Task requirements: For this exercise, return exactly the lines of the material below that begin at the one with "guest bed mattress argos" and stop after the one with "Mappa delle possibili".

Data extract:
⟨
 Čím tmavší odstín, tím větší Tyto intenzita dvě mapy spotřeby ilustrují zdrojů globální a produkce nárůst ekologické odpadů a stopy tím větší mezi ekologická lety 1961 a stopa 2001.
⟩
⟨
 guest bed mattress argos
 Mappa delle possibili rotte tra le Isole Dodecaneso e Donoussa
⟩
⟨
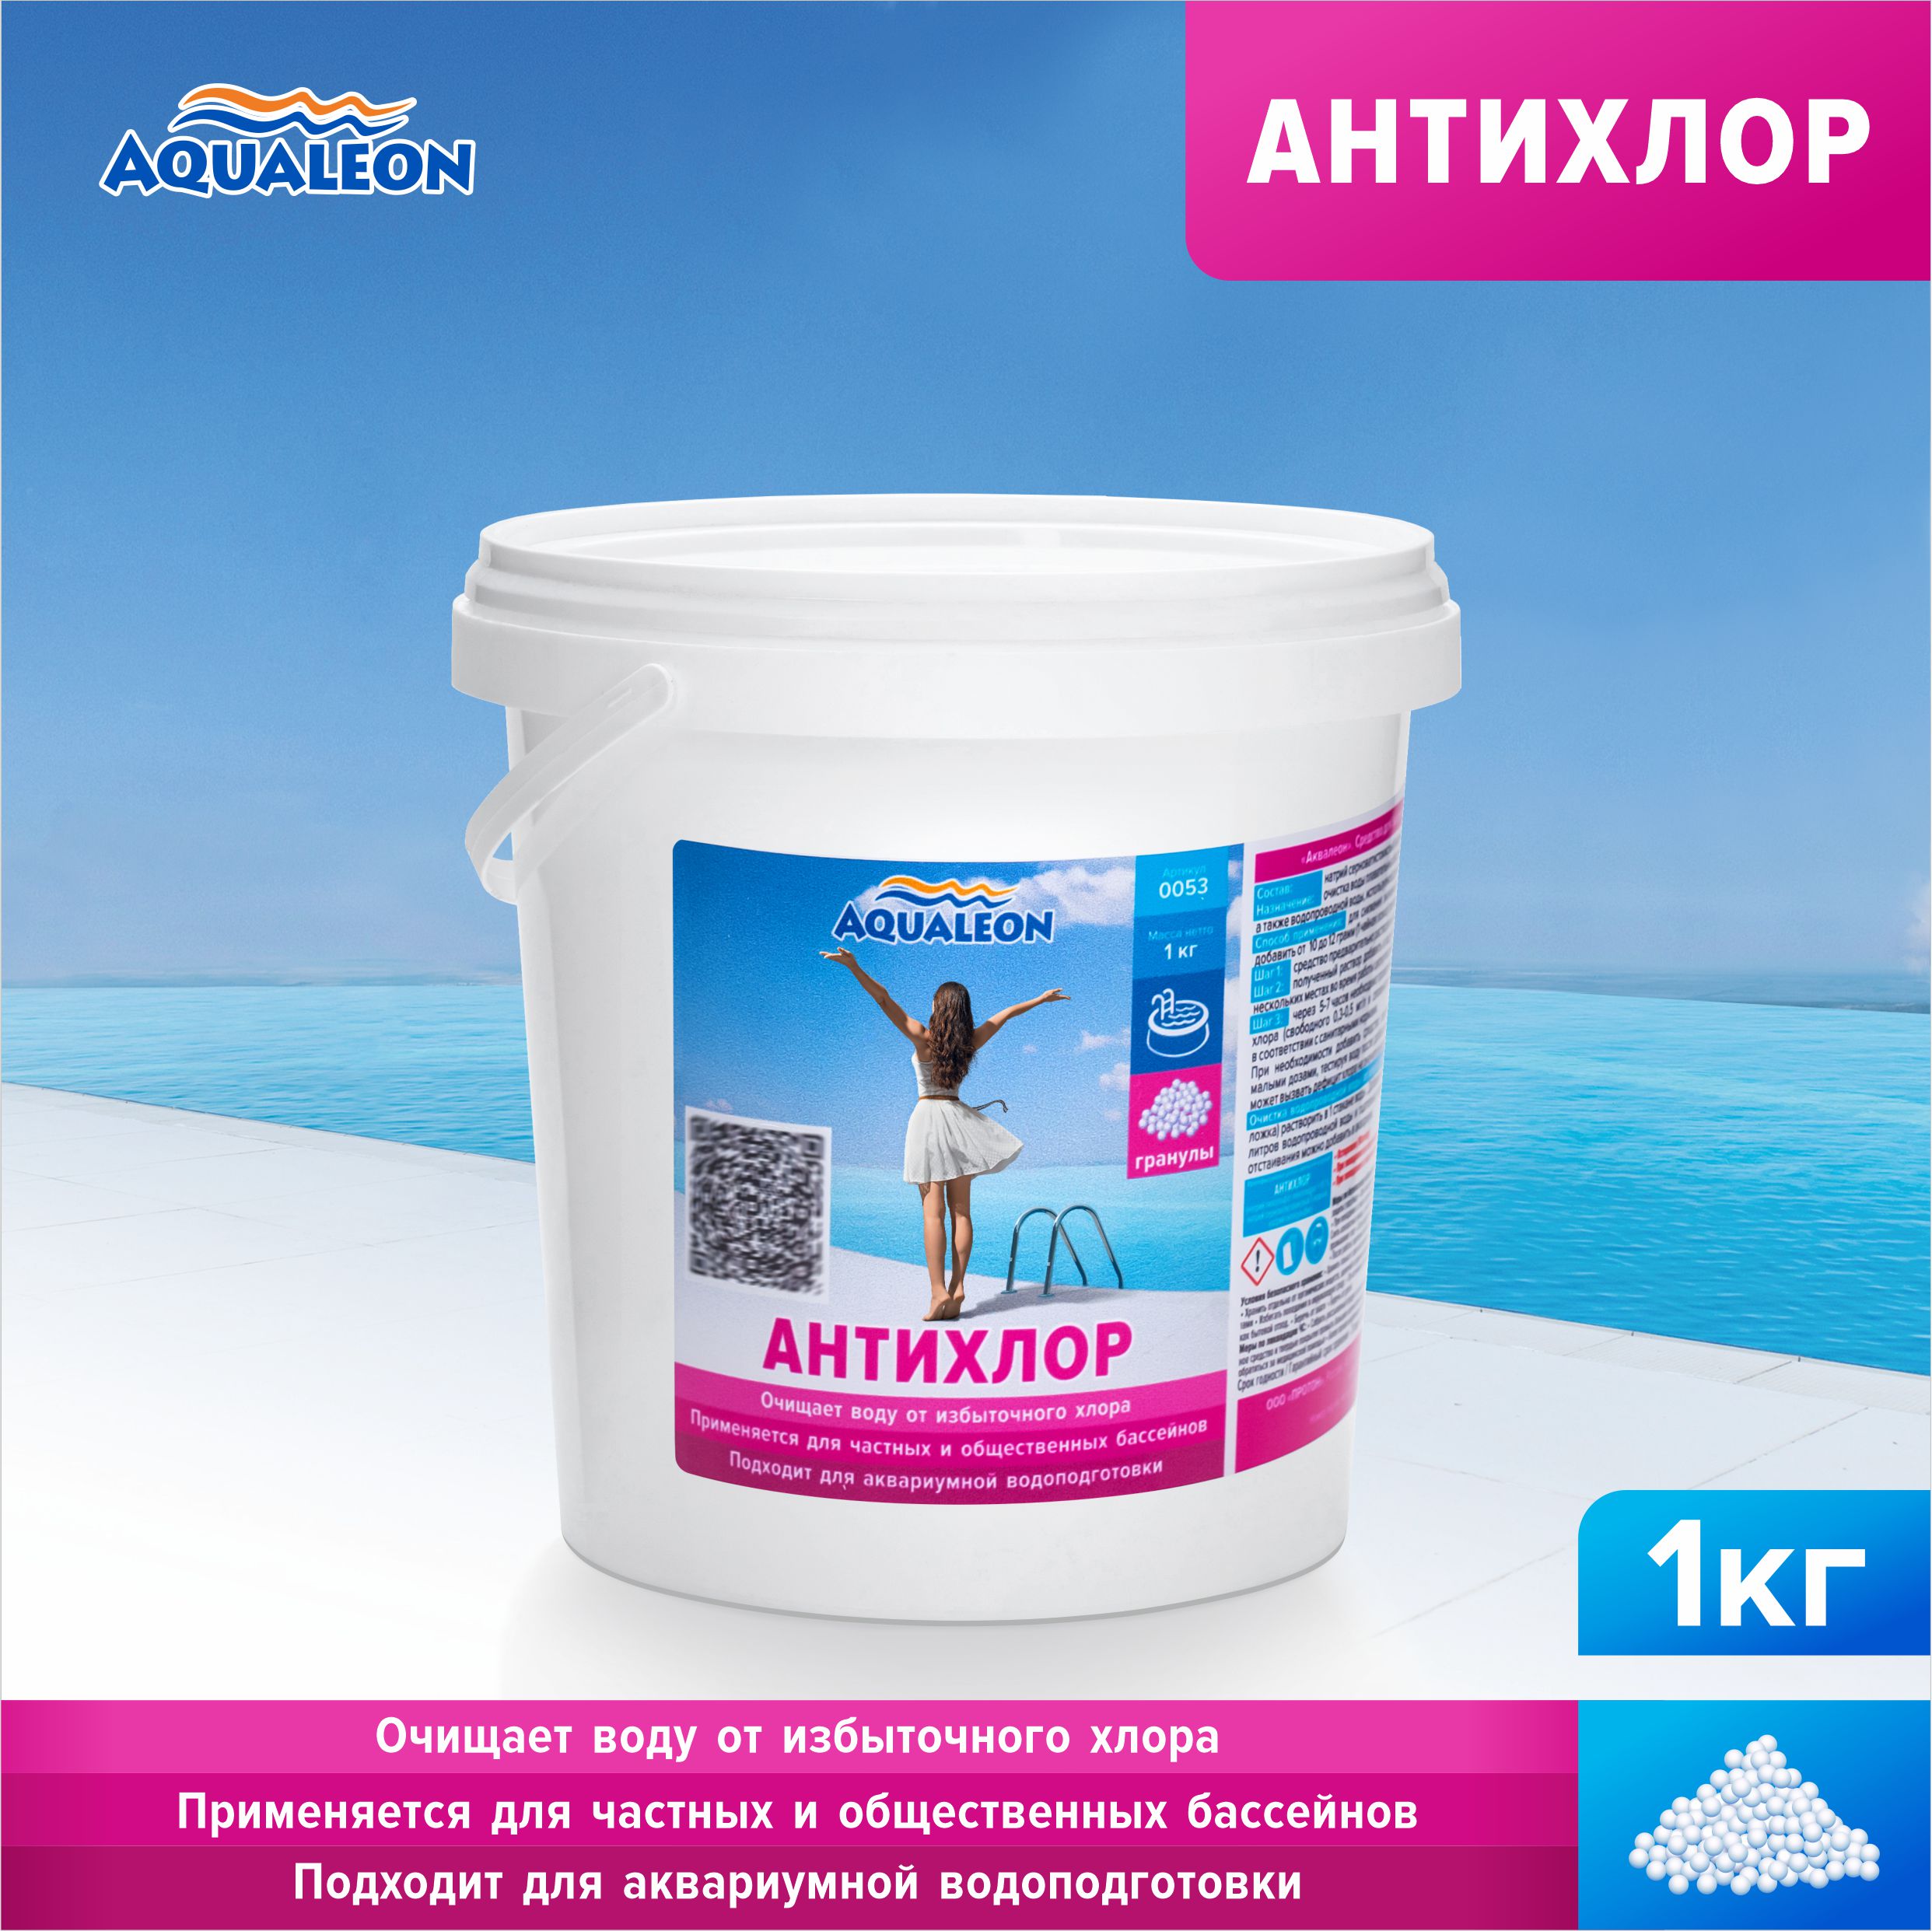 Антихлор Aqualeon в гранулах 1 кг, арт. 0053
⟩
Output for this exercise:
 guest bed mattress argos
 Mappa delle possibili rotte tra le Isole Dodecaneso e Donoussa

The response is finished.